Intervening with Students
It is important to contact students when their observed behaviors within the course indicate cause for concern (e.g., disengaged or at-risk of not succeeding). In addition to the obvious behavior of not submitting assignments, checking the Learning Management System’s (LMS) “Student Tracking” tool frequently (sorting by last access) allows the instructor to identify students who have not logged in to the LMS within a specified time period (e.g., more than one week). Monitoring the grade book at key intervals (e.g., one-quarter of the way through the course or at mid-term) allows the instructor to identify students whose grade average places them at risk of not succeeding in the course (e.g., less than a C average). Some contemporary learning management systems include within their “learning analytics” features semi-automated tools for identifying students who have exhibited behaviors of concern and facilitating the sending of LMS-based messages to these students. As Cornell and Martin (1997) conclude about similar behaviors, “these are signs that something is amiss with the student and his or her progress through the class.”
Methods of contacting students should align with the cause for instructor intervention. For instance, sending a learning management system (LMS)-based message to a disengaged student who isn’t logging in may be less productive than sending a message to that student’s “real” email address. Email messages (whether within the LMS or external) have the advantage of being easily retrievable for documentation purposes. However, a telephone call from the instructor may make more of an impact on the student.

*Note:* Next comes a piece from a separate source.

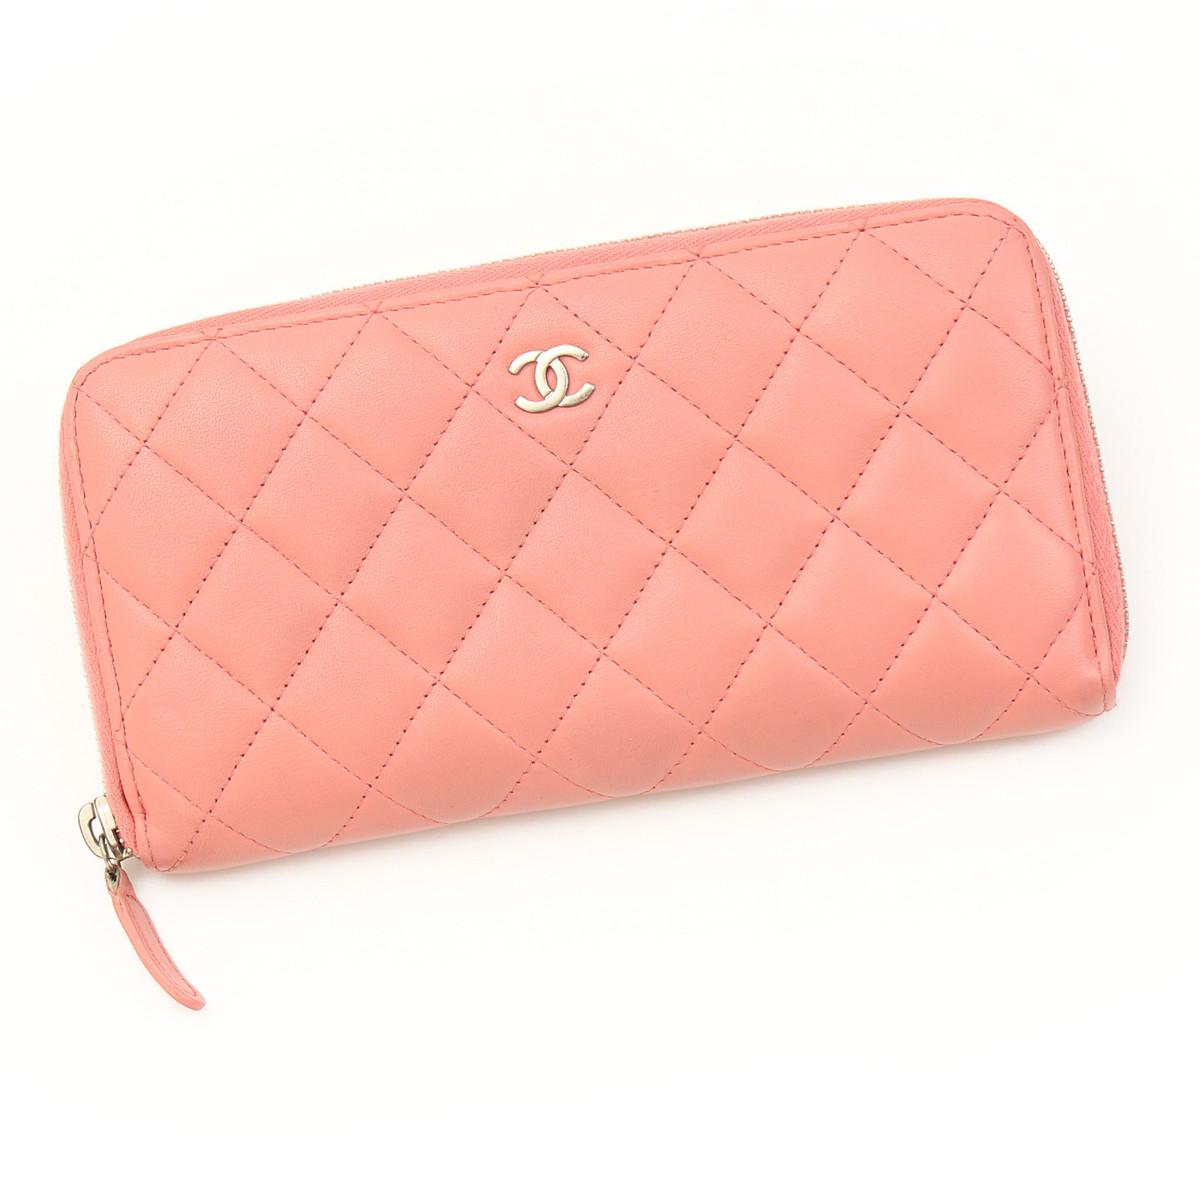 【シャネル】Chanel ラムスキン マトラッセ ラウンドファスナー 長財布 A50097 16番台 ピンク 【中古】【鑑定済・正規品保証】【送料無料】24975

Depending on the severity of the situation (and the instructor’s time/inclination) it may be advisable to schedule a one-on-one synchronous consultation with the student (via telephone, Skype, instant messaging, etc.) to discuss course expectations, current student strategies, and necessary changes in behavior. Of course, these proposed tactics outside of the LMS presuppose that the instructor has solicited personal contact information at the beginning of the term and is willing to intervene with the student as soon as possible (Cornell & Martin, 1997).
How to Intervene
A student invention is appropriate after key course events such as the first week of class, a major exam/test, a milestone assignment/project, or the week of the withdraw deadline. Determine performance criteria to group students into sub populations. Customize a message based on the group’s performance. For a low performing group, send information on how to receive assistance in the course whether it is office hours, tutorials, or other resources. It is important to address the population which did not complete the particular task and determine why they did not complete the coursework. (Conversely, for a well performing group, sending positive reinforcement is also an option.)
This strategy can be used in isolation or in sequence with the following strategies to more effectively engage with your students outside of class:
Create a Personalized Student Intervention
- Reach More Students with Targeted Office Hours
- Managing Student Interaction with Sign Up Sheets
- Use Web Conferencing Tools for Office Hours
Intervention Tools Available in Learning Management Systems
- Canvas: Message Students Who
- Blackboard: Early Warning System
- Moodle: Engagement and Learning Analytics Module
- Desire2Learn: Intelligent Agents
Link to example artifact(s)
From UCF’s Dr. Kelvin Thompson (graduate course in educational technology)
Several different LMS-based messages [Word doc; size = 64kb] sent to students who scored above or below certain standards
- Dr. Massiah describes the large undergraduate course in which she uses intervention messages [mp3 audio file; 45 seconds]
- Dr. Massiah describes her implementation of the intervention messages linked above [mp3 audio file; 1 min. 49 seconds]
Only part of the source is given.